Load-bearing premise
The benchmark instances and comparison protocols are representative of practical QUBO difficulty with runtime and quality metrics measured under equivalent conditions across platforms.
What would settle it
A new set of large sparse QUBO instances with 10^8 variables on which VeloxQ produces lower-quality solutions or requires more runtime than at least one compared solver such as D-Wave or CPLEX.
Figures
read the original abstract
We introduce VeloxQ, a fast solver for Quadratic Unconstrained Binary Optimization (QUBO) problems, which are central to many real-world optimization tasks. Unlike approaches that depend on emerging quantum hardware, VeloxQ can be deployed on conventional computing infrastructure. We benchmark VeloxQ against state-of-the-art QUBO solvers from several families. These include quantum annealers, specifically D-Wave's Advantage and Advantage2 platforms; the digital-quantum BF-DCQO algorithm for Higher-Order Unconstrained Binary Optimization (HUBO) developed by Kipu Quantum; physics-inspired algorithms including Simulated Bifurcation, Parallel Annealing, and tropical tensor networks; and conventional methods including CPLEX, brute force, BEIT's Chimera solver, and Branch-and-Bound variants. The benchmark suite covers native quantum-annealer topologies, embedded all-to-all instances, HUBO-derived instances, planted-solution instances, certified-solver regimes, and dense Branch-and-Bound test cases. Across the benchmark suite, VeloxQ delivers competitive solution quality and runtime, and in several regimes outperforms the compared solvers. VeloxQ also demonstrates strong scalability. Among the solvers considered in this study, it was the only method we could run on the largest sparse instances within our computational budget, including problems with up to $10^{8}$ sparsely connected variables. These findings position VeloxQ as a competitive and practical tool for tackling large-scale QUBO/HUBO problems, offering a practical alternative to existing quantum and classical optimization methods.
Editorial analysis
A structured set of objections, weighed in public.
Referee Report
Summary. The manuscript introduces VeloxQ, a classical solver for Quadratic Unconstrained Binary Optimization (QUBO) problems deployable on conventional hardware. It benchmarks VeloxQ against quantum annealers (D-Wave Advantage and Advantage2), the BF-DCQO algorithm, physics-inspired methods (Simulated Bifurcation, Parallel Annealing, tropical tensor networks), and classical solvers (CPLEX, brute force, BEIT Chimera, Branch-and-Bound). The benchmark suite includes native topologies, embedded all-to-all instances, HUBO-derived problems, planted-solution instances, certified regimes, and dense test cases. The central empirical claim is that VeloxQ achieves competitive solution quality and runtime, outperforms comparators in several regimes, and is the only solver runnable on the largest sparse instances (up to 10^8 variables) within the computational budget.

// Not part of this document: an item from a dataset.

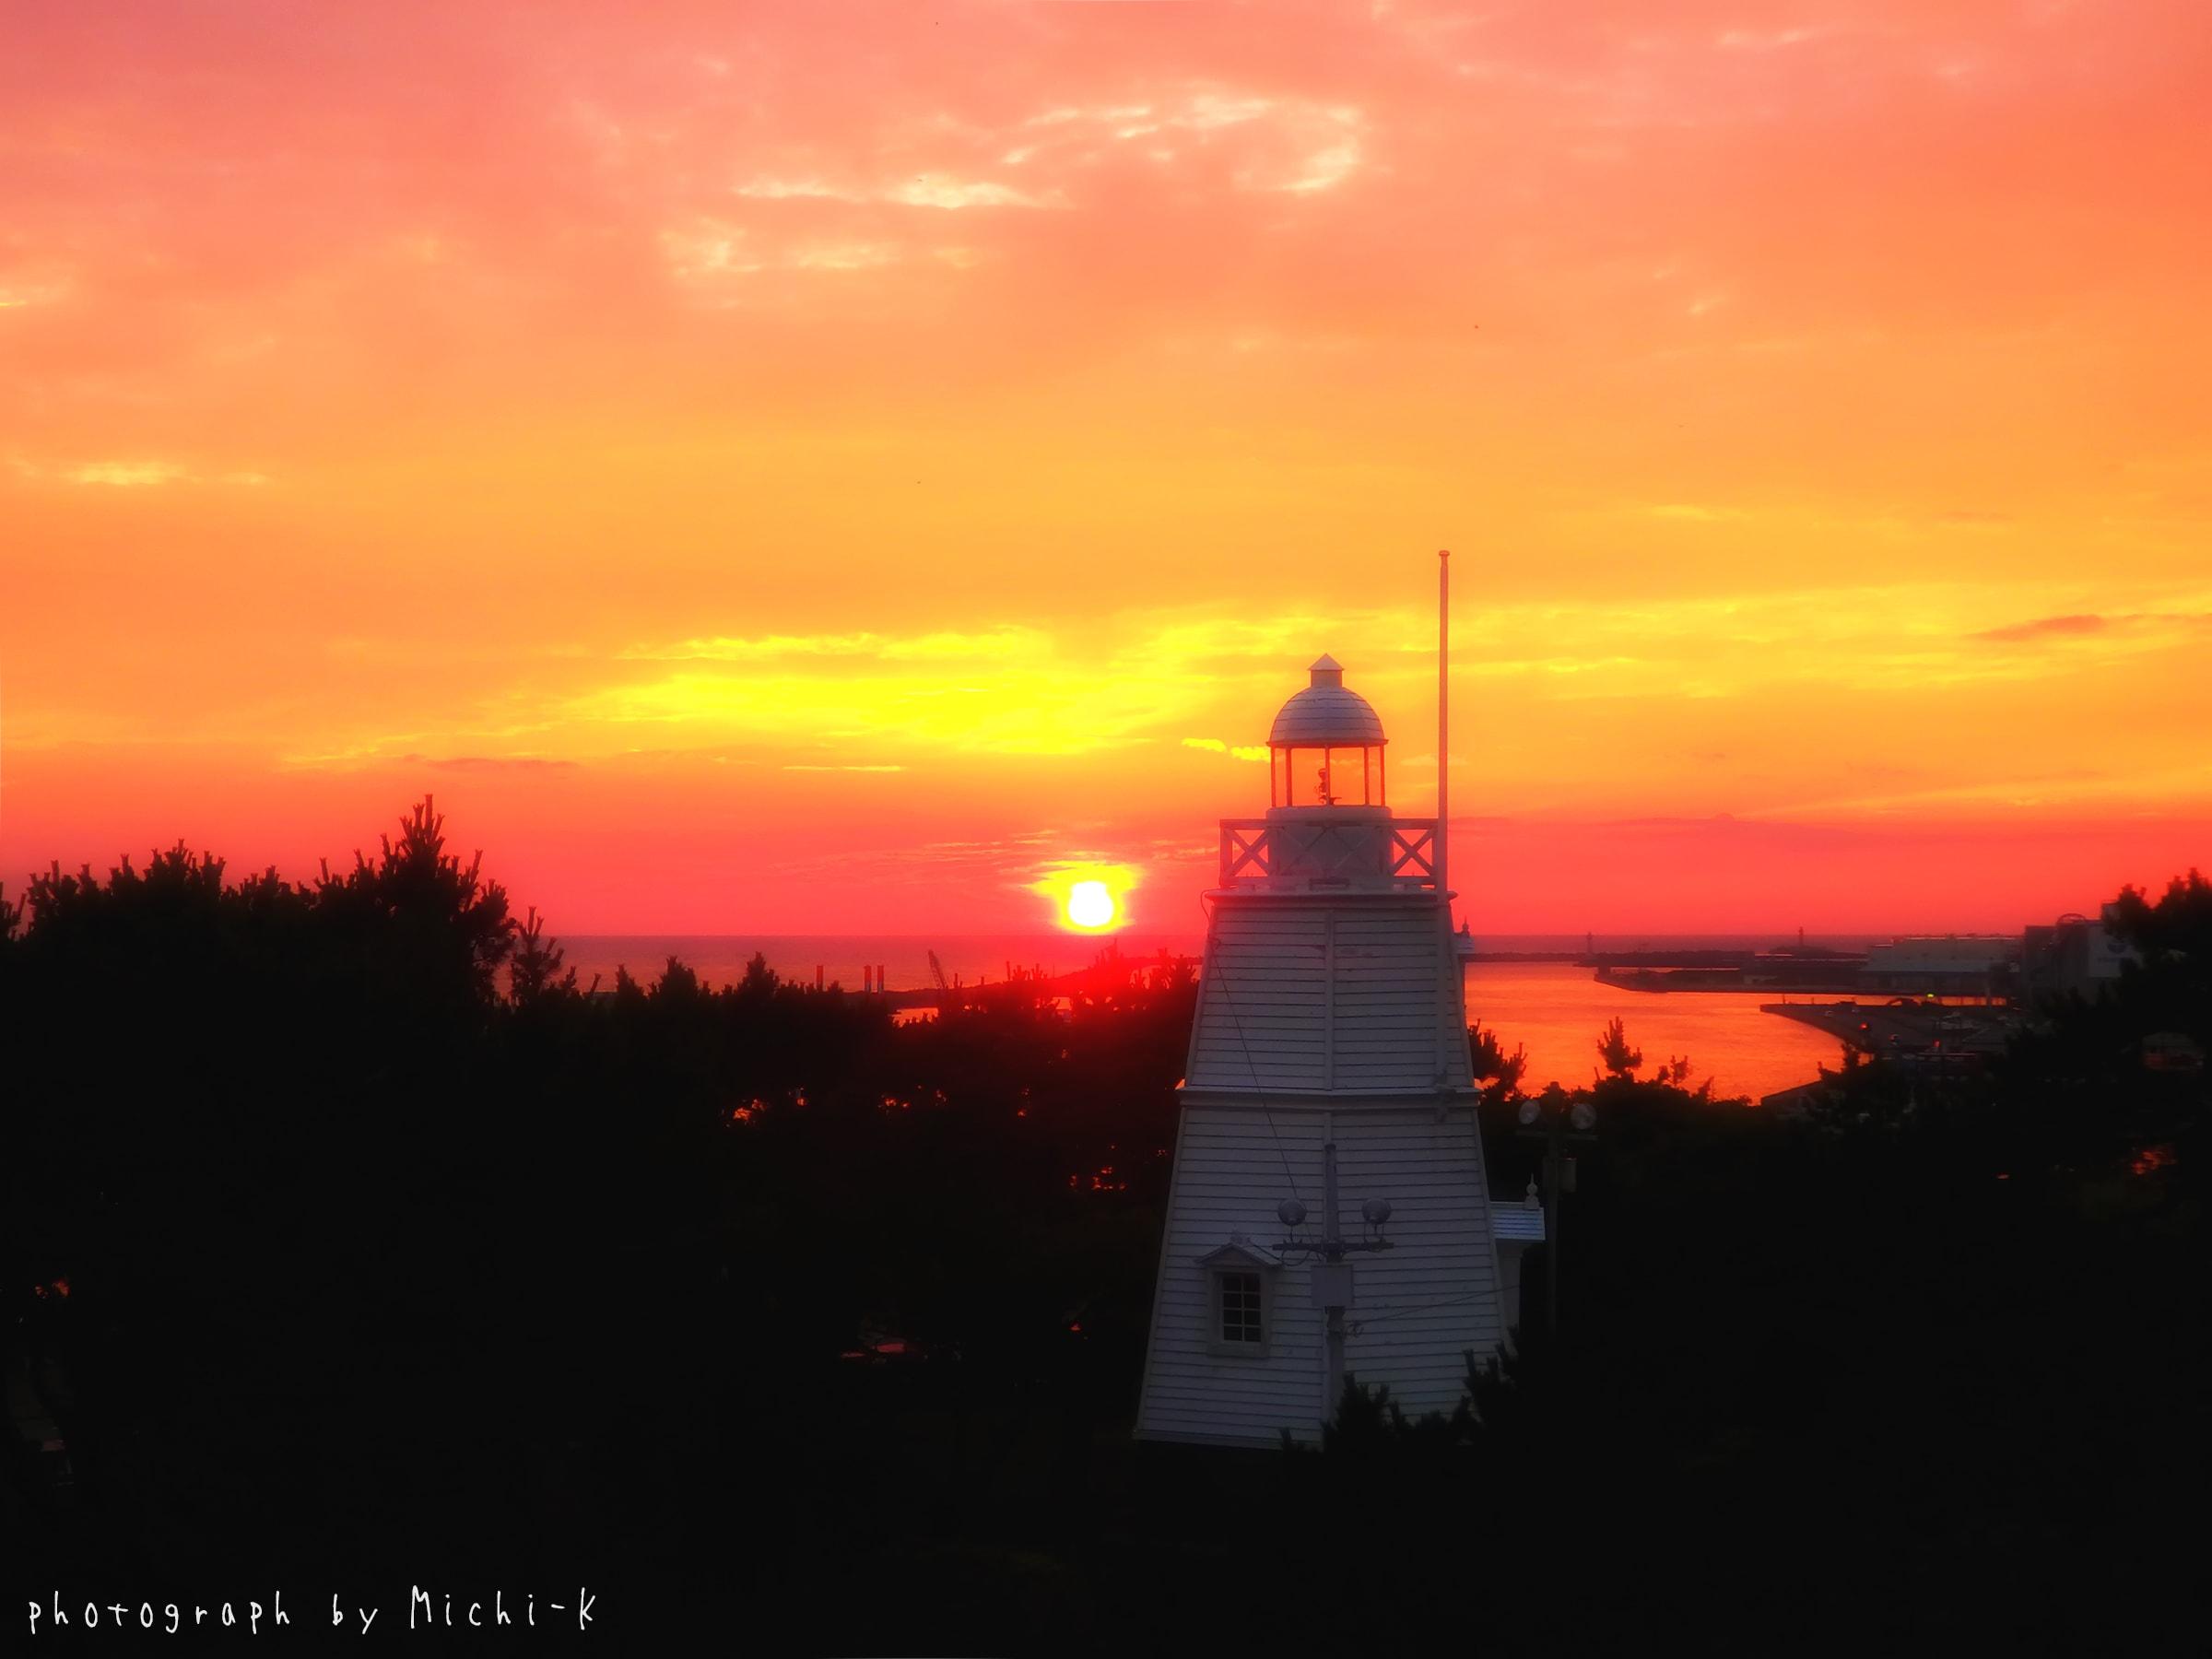 酒田市、日和山公園展望台から見えた六角灯台と夕焼け1

Significance. If the benchmark protocols and results are reproducible and the implementation details are fully specified, the work would be significant as a practical classical baseline for large-scale QUBO/HUBO problems. The explicit comparison across quantum and classical families on a diverse suite, together with the reported scalability to 10^8-variable sparse instances, provides a concrete data point on the current reach of classical methods versus quantum-inspired approaches.
minor comments (3)
- [Abstract] Abstract: the statement that VeloxQ 'outperforms the compared solvers' in several regimes would be strengthened by at least one quantitative example (e.g., a specific runtime or quality ratio on a named instance family) rather than remaining purely qualitative.
- The manuscript should include a dedicated section or appendix describing the algorithmic core of VeloxQ (pseudocode, key heuristics, or complexity statements) so that the performance claims can be assessed independently of the benchmark tables.

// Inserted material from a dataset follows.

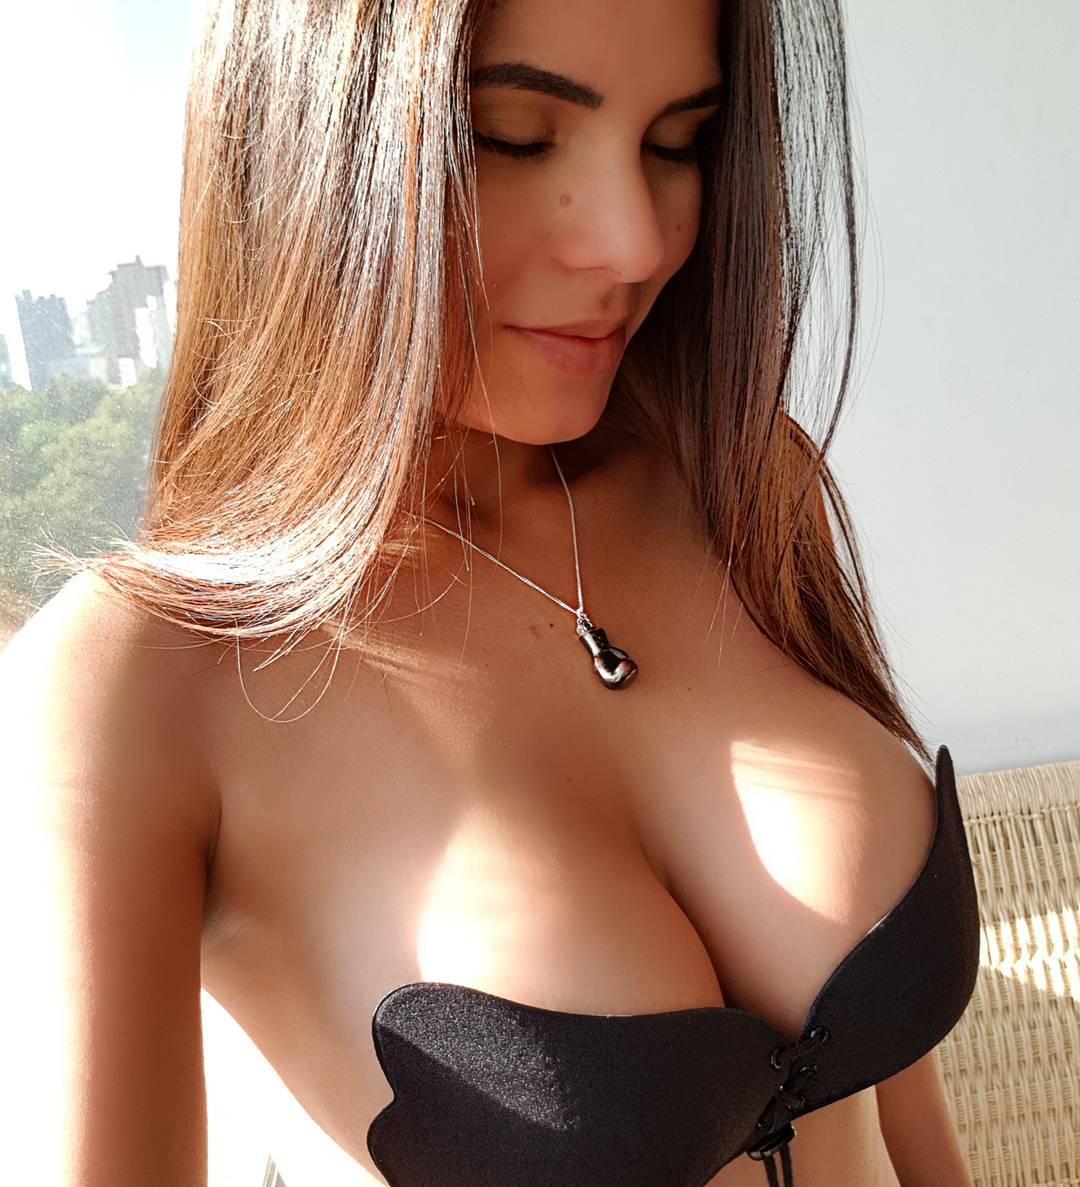 Ania Porn ania gadea porn pic - eporner

- Benchmark description: clarify whether all solvers were run with default parameters or with instance-specific tuning, and whether wall-clock time includes embedding or preprocessing steps for the quantum platforms.

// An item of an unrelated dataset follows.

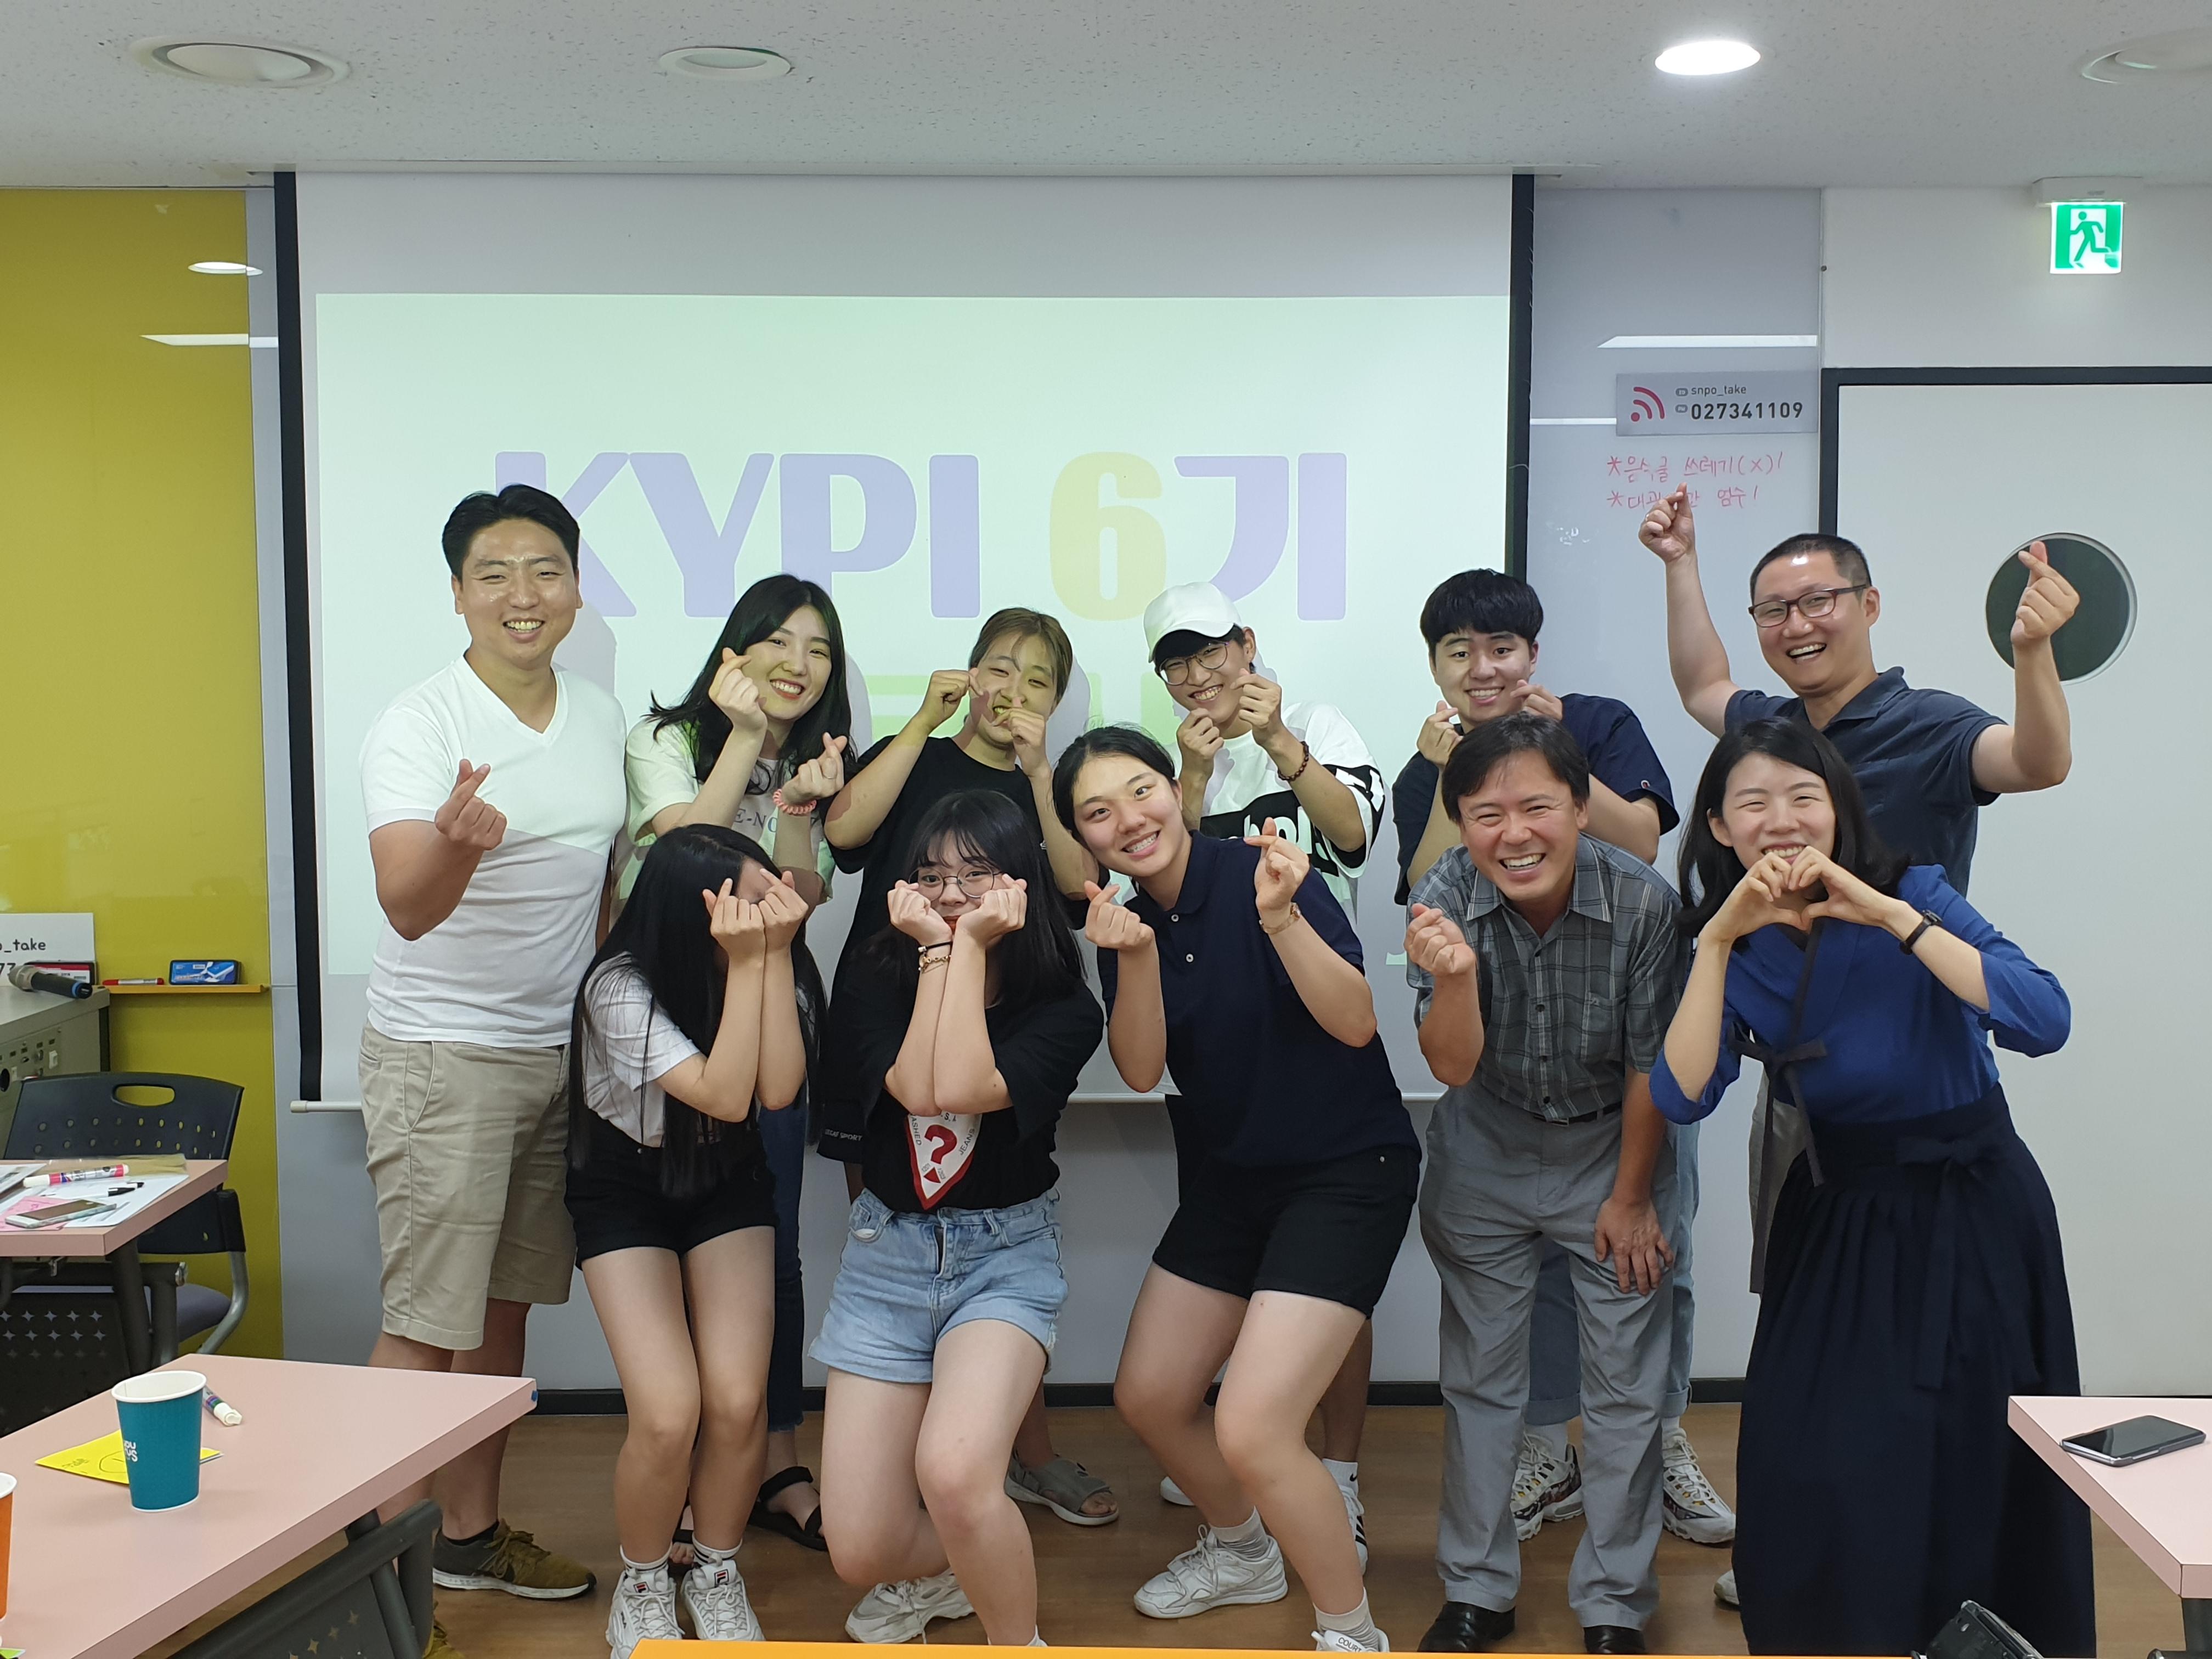 KYPI 6기 수료식 단체사진 (1)

Simulated Author's Rebuttal
We thank the referee for their positive assessment of VeloxQ and the recommendation for minor revision. The report correctly identifies the paper's focus on providing a practical classical baseline with extensive cross-family benchmarks and scalability to 10^8-variable instances. No major comments were raised in the report.
Circularity Check
No significant circularity; empirical benchmark paper
full rationale
The paper introduces VeloxQ and presents empirical benchmark comparisons against quantum annealers, physics-inspired algorithms, and classical solvers across native topologies, embedded instances, HUBO-derived cases, planted solutions, and large sparse problems up to 10^8 variables. No derivation chain, equations, fitted parameters, or self-citation load-bearing steps are described. The central claims are performance statements grounded in reported runtime and quality metrics rather than any mathematical reduction to inputs. This is a standard empirical report with no internal circularity.
Axiom & Free-Parameter Ledger
Lean theorems connected to this paper
-
IndisputableMonolith/Foundation/RealityFromDistinction.leanreality_from_one_distinction unclear?
unclearRelation between the paper passage and the cited Recognition theorem.
We introduce VeloxQ, a fast solver for Quadratic Unconstrained Binary Optimization (QUBO) problems... benchmarks against... D-Wave... Kipu Quantum... Simulated Bifurcation... CPLEX...
-
IndisputableMonolith/Cost/FunctionalEquation.leanwashburn_uniqueness_aczel unclear?
unclearRelation between the paper passage and the cited Recognition theorem.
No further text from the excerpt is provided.